Timing of Written Statement of Unauthorized Debit (WSUD)

This rule will allow a WSUD to be signed and dated by the Receiver on or after the date on which the Entry is presented to the Receiver (either by posting to the account or by notice of a pending transaction), even if the debit has not yet been posted to the account.

• Through digital notifications and alerts, a consumer may be able to report an unauthorized debit prior to the debit posting to his or her account.
• Allowing such a debit to post after being reported may cause harm to the Receiver.

When a consumer account holder notifies an RDFI of an unauthorized debit, the RDFI must obtain a signed Written Statement of Unauthorized Debit (WSUD) to return the debit.

• The current Rules require that the WSUD be dated on or after the Settlement Date of the Entry.

This rule is intended to improve the process and experience when debits are claimed to be unauthorized.

The amendment does not otherwise change the requirement for an RDFI to obtain a consumer’s WSUD.

RDFI Must Promptly Return Unauthorized Debit

This amendment will require that when returning a consumer debit as unauthorized in the extended return timeframe, the RDFI must do so by the opening of the sixth Banking Day following the completion of its review of the consumer’s signed WSUD.

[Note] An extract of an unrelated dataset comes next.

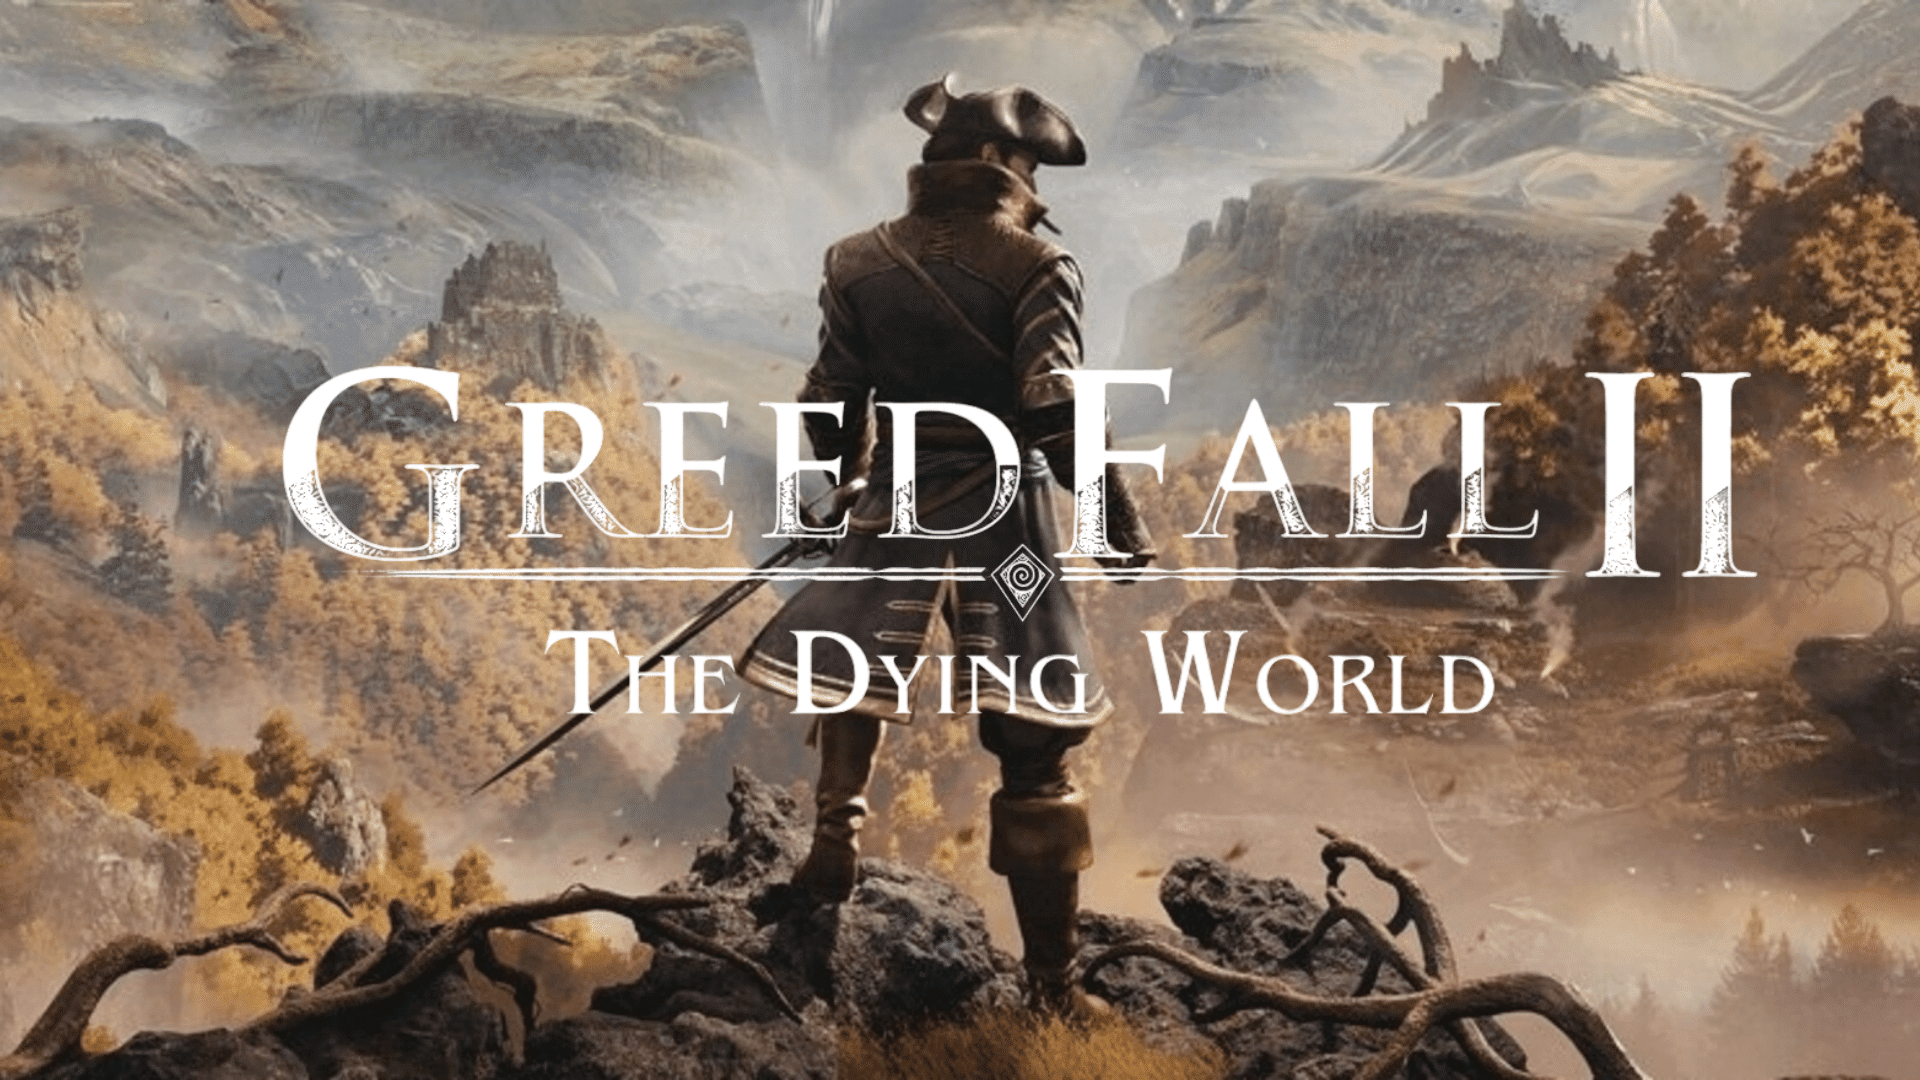 Les développeurs de GreedFall 2 : The Dying World ont révélé de nouveaux détails sur le jeu : "plus de possibilités romantiques" et des caméos potentiels de la partie précédente du jeu.

• The amendment is intended to improve the recovery of funds and reduce the incidence of future fraud.
• The prompt return of an unauthorized debit alerts an ODFI and an Originator to a potential problem.
• This is also true in first-party fraud schemes in which the party who disputes the debit Entry is the same party who benefits from the original entry.
• A prompt return supports controls that an Originator may have enabled, such as a hold on funds or delayed shipment of merchandise.
• This amendment does not change reasons or requirements for obtaining a Written Statement of Unauthorized Debit.

Quick responses can be significant when responding to fraud. In the days immediately following posting of an unauthorized debit Entry, any delay in processing a return may expose the ODFI or Originator to additional risk.